* Work required *
Please set down the data word for word; images do not go in the copy.

* Available data *
- - -

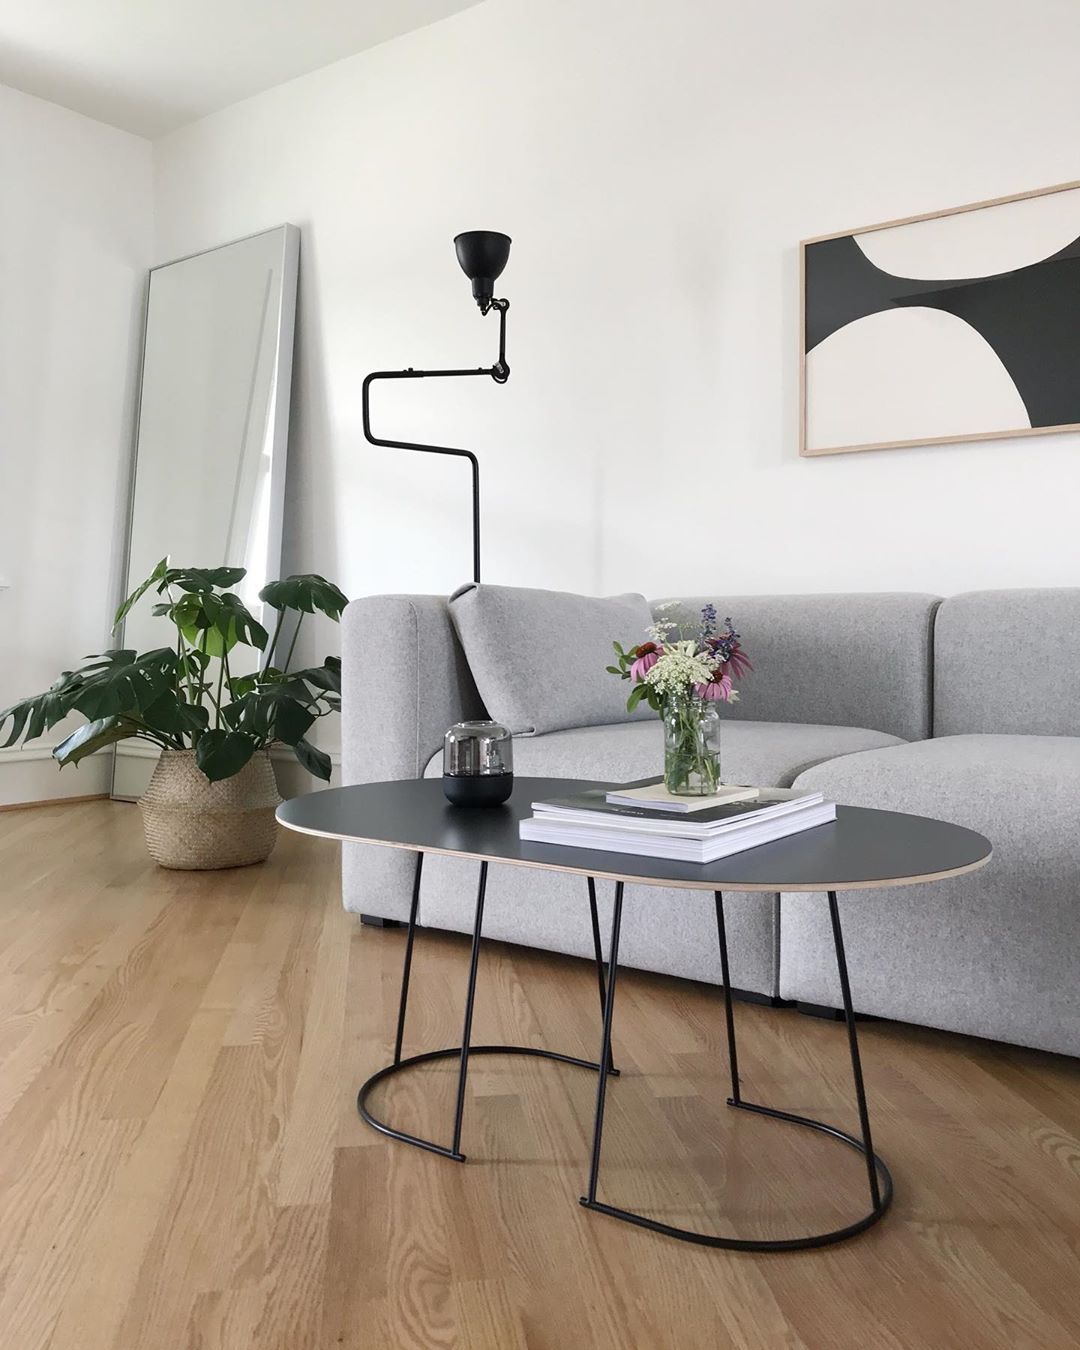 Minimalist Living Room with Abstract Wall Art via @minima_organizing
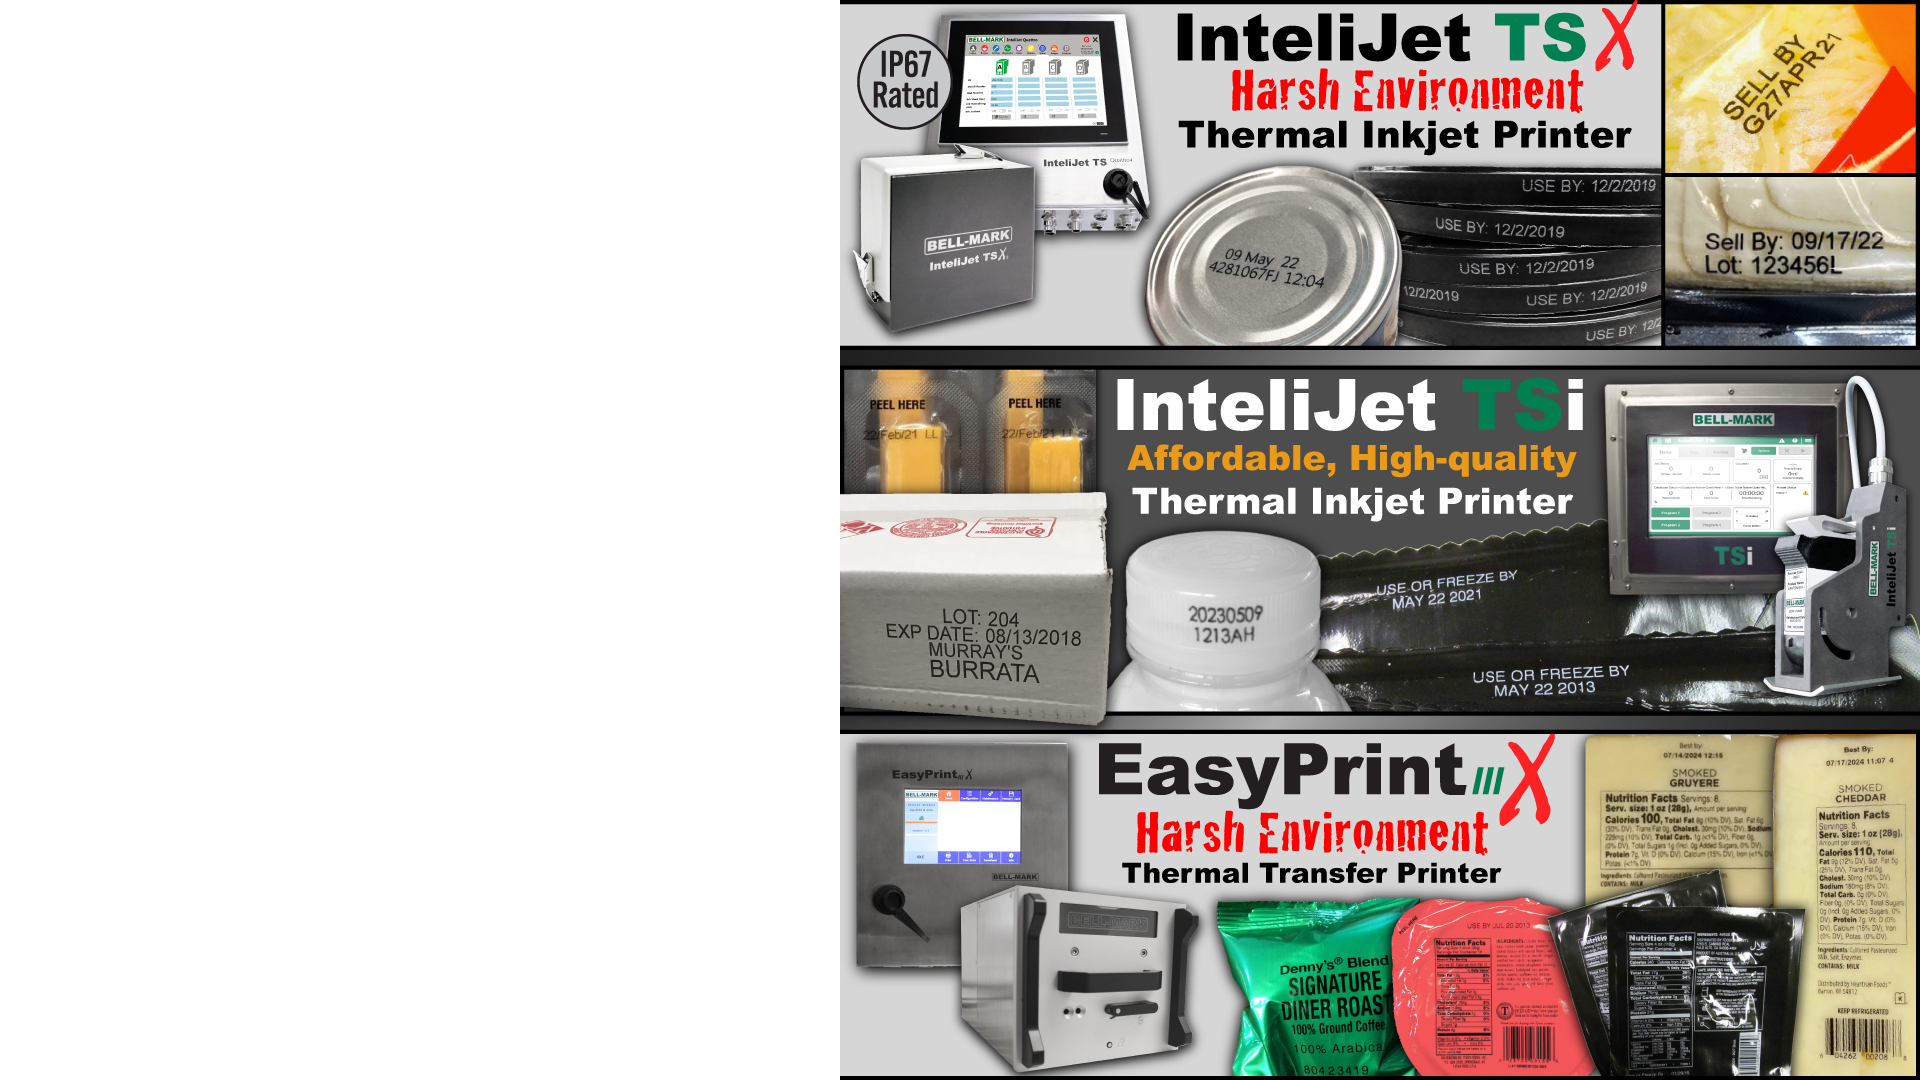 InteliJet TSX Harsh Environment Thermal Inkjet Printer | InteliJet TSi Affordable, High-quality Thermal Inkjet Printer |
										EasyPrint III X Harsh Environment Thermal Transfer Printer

- - -

* Written solution *
 Minimalist Living Room with Abstract Wall Art via @minima_organizing
 InteliJet TSX Harsh Environment Thermal Inkjet Printer | InteliJet TSi Affordable, High-quality Thermal Inkjet Printer |
										EasyPrint III X Harsh Environment Thermal Transfer Printer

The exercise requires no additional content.